The Government attempted to do so in the last proposed amendment on this subject by defining the unborn as the implanted fertilised egg, but this was defeated, leaving a definition to a future Supreme Court in the event of a challenge. The Medical Council guidelines deal essentially with IVF.

This yawning gap in our regulatory infrastructure was recognised by the last government, which set up the Commission on Assisted Human Reproduction, under the chairmanship of Prof Dervilla Donnelly.

The setting up of the commission also served the useful purpose of removing these contentious issues from the amendment debate.

In announcing it, the Minister for Health, Mr Martin, said it was intended to serve two purposes: to provide the medical, ethical and legal expertise necessary for a detailed examination of the possible approaches; and to prepare a report which would provide the basis for an informed public debate before the finalisation of any proposals.
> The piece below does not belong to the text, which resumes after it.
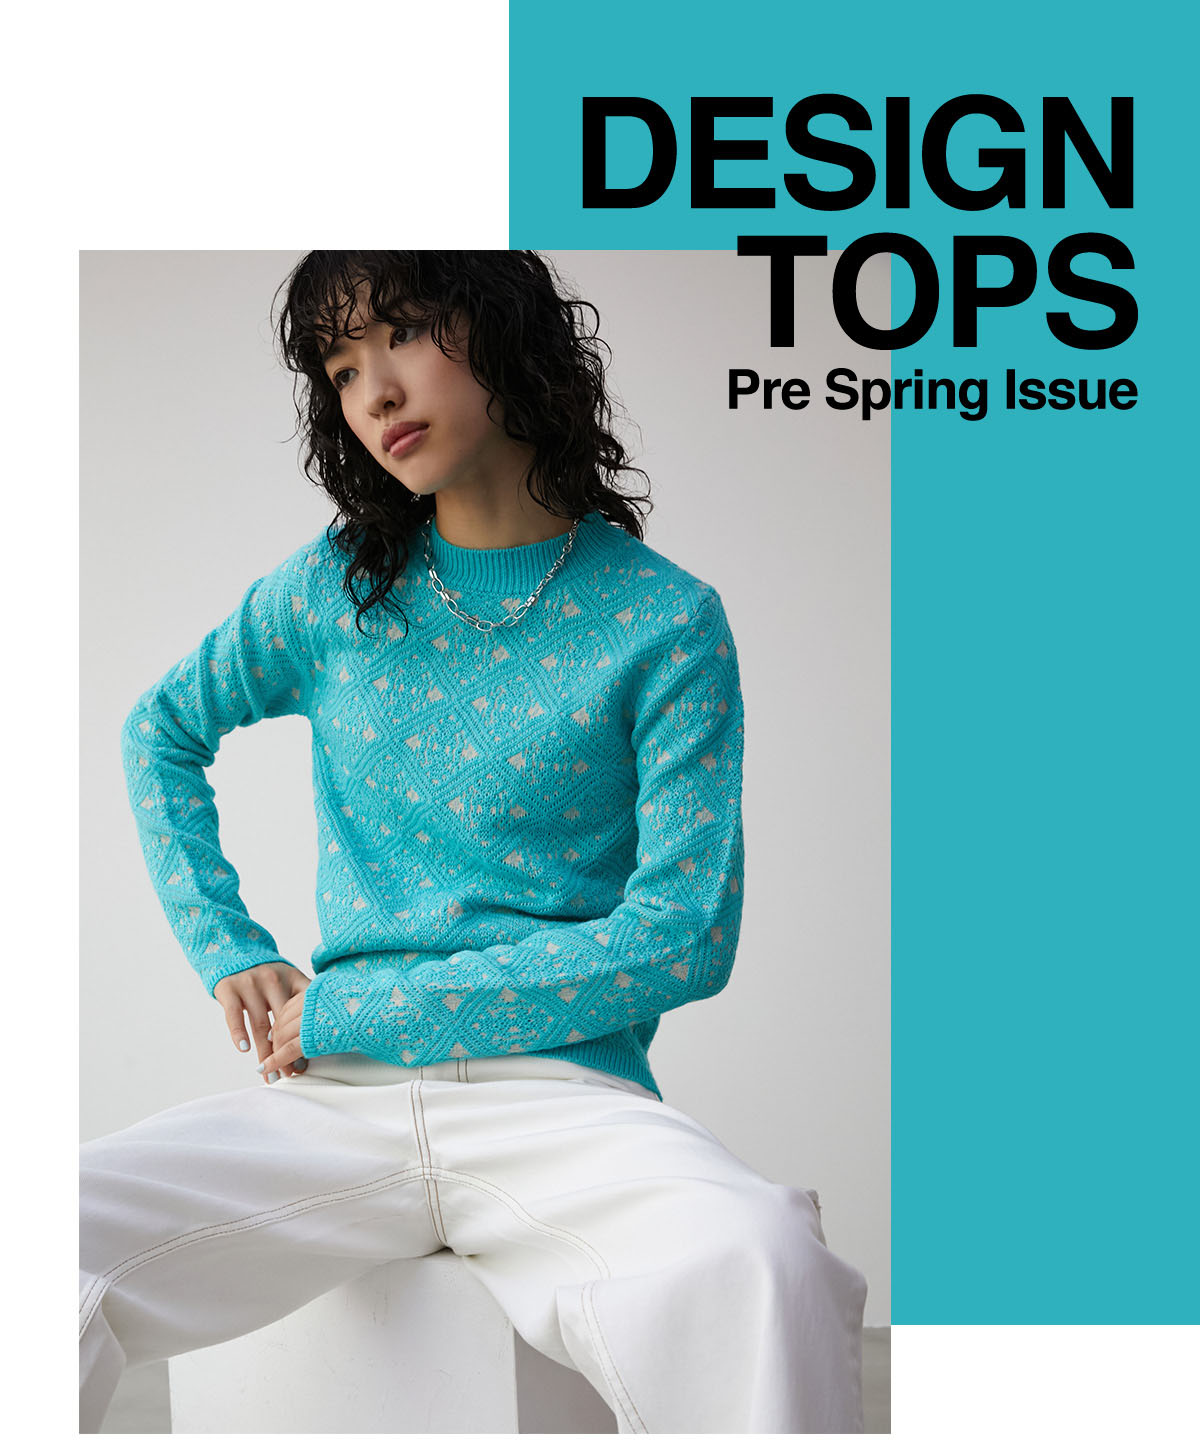 DESIGN TOPS Pre Spring Issue

So legislation is clearly still a long way off.

The first step towards the informed public debate takes place tomorrow, with an international conference organised by the commission on the medical, legal and social issues. Among the speakers will be Baroness Warnock, the British moral philosopher who chaired the Warnock Committee of Inquiry into Human Fertilisation and Embryology. Its report provided the basis for the UK legislation in this area, which has been broadly followed in a number of other countries.

Other speakers are the former attorney general, Mr John Rogers SC, Dr Brendan Purcell, senior lecturer in philosophical anthropology in UCD, and Prof Ken Daniels from New Zealand, an expert on the psycho-social aspects of donor conception.